Researcher Uses Diagnostic Lung Test to Identify Patients at Highest Risk of COVID-19 Complications

A University of Toronto researcher has received more than $970,000 in federal funding to examine how a new diagnostic lung test can help identify COVID-19 patients at the greatest risk of severe illness and death.

The test could enable emergency room staff to quickly distinguish between high-risk patients and those with mild illness, thereby alleviating pressure on the health care system.

“We know the big problem with the COVID-19 epidemic is that the majority of people are going to get it and most will be fine, and recover from it. We need a better way to identify those most likely to get into trouble,” says Dr. Shaf Keshavjee, a professor of thoracic surgery at U of T who is director of the Toronto Lung Transplant Program, surgeon-in-chief at University Health Network, and program medical director of surgery and critical care at UHN.

The Canadian Institutes of Health Research has provided funding for the work, as part of a national $54.2 million research funding package announced in early April.

“Once you know how severely someone will be affected, the second important thing you need to be able to do is triage patients within the emergency room, in order to prevent overwhelming of the health care system,” says Keshavjee.

The origins of the RALI-Dx – which stands for the Rapid Acute Lung Injury Diagnostic test – came from devices designed to measure the lung quality of donor lungs, for patients in need of lung transplantation. The test was developed at UHN.

Now, as a result of the funding to Keshavjee and UHN, the research will focus on how the 40-minute test can identify patients at the highest risk of lung failure due to COVID-19, so health care teams can connect those patients to the most appropriate treatment pathways.

“What kills the patient in SARS and in COVID-19 isn’t necessarily the virus itself. It’s sometimes the hosts’ response to the virus,” he says.

“The hosts that have an exaggerated inflammatory response are the ones that are going to get really sick. The ones who don’t have an exaggerated response are going to feel badly, but they can go home and self-isolate and get better.”

For the test to work, health care providers do a blood draw of patients who have come to the emergency room showing symptoms of a flu-like illness. The tube of blood then goes to a microbiology lab in the hospital with a medical device known as a sqidlite.

In the lab, the plasma is spun off and squirted onto a plate, providing health care providers with a result that shows the extent of an inflammatory injury of the lung.

Providers can then use this diagnostic information to determine which patients are in need of more urgent care and should be admitted to hospital, and which patients can be discharged to self-isolate at home, thereby stopping overloading of the health care system, says Keshavjee.

“Everyone is in a race to get a test that will diagnose the virus faster, and the presence of the virus faster. But, what we are looking at is the impact of the virus, or the implication, in terms of helping clinicians decide what might happen next with a particular patient,” he says.

It’s hoped that the use of the device will lead to more rapid triage in the emergency room of patients, says Keshavjee, and the research supported by the CIHR will examine how the use of the device works for this purpose.

The test was originally designed by Keshavjee and his team to identify and measure biomarkers in donor lungs, with the goal of providing a personalized medicine approach to organ assessment for transplant.

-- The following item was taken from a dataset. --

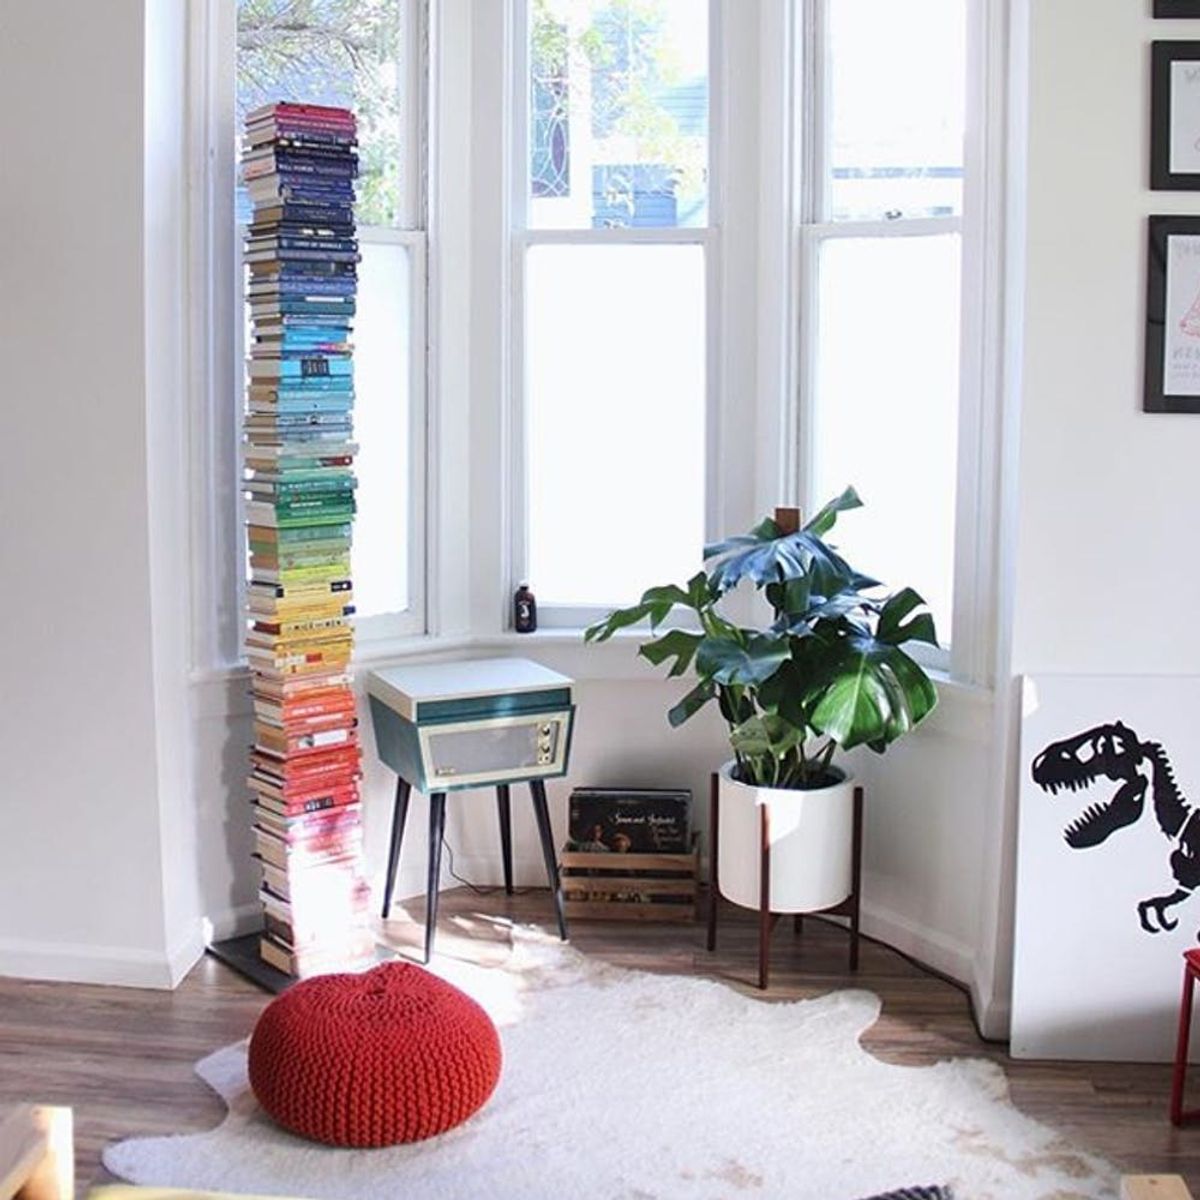 9 Instagram-Approved Decorating Ideas for Small Spaces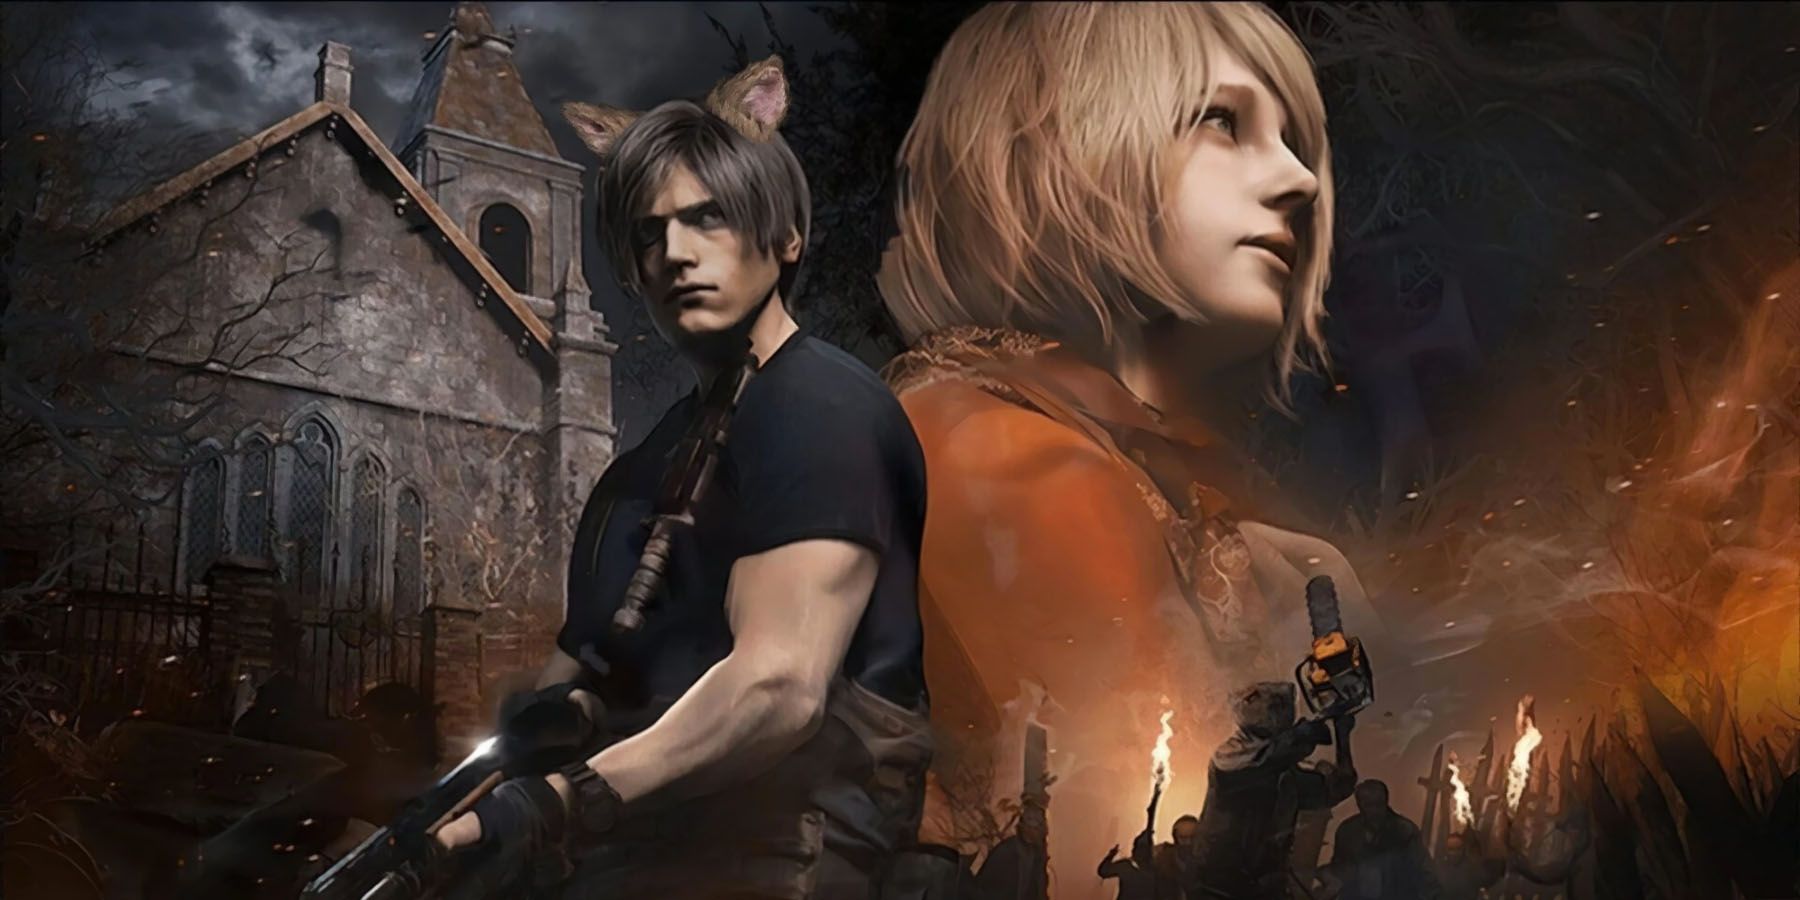 Steam updates hint that the Resident Evil 4 Ada DLC may drop soon

Keshavjee says the test – which is being further developed in partnership with the Toronto-based company SQI Diagnostics – is a reflection of the overall move towards personalized medicine.

“What we set out to do is to bring personalized medicine or rapid diagnostics to the field of donor organ management, in assessing lungs for transplant,” says Keshavjee. “We set out to develop a test to diagnose problems with donor lungs and predict which ones would have a good outcome and which ones wouldn’t.”

In the new application of the device, it’s being used to identify biomarkers that indicate early lung injuries related to the viral infection of the lungs due to COVID-19, says Keshavjee.

Keshavjee notes the RALI-Dx was created to deliver results in an accelerated way – within minutes, not hours or days, like other molecular diagnostic tests.

“We now have diagnostics in medicine that guide care for many patients in a personalized way,” he says.

Ultimately, Keshavjee would like to be able to get the results within 10 minutes. Right now, the test can deliver results within 40 minutes.

“That’s the huge potential value this device brings to the health care system, not just in diagnosing COVID-19, but in assessing the severity of any flu-like illness,” says Keshavjee. “This research can save lives and save valuable resources in the emergency room and a hospital setting, especially in a pandemic that creates such immense strains on the system.”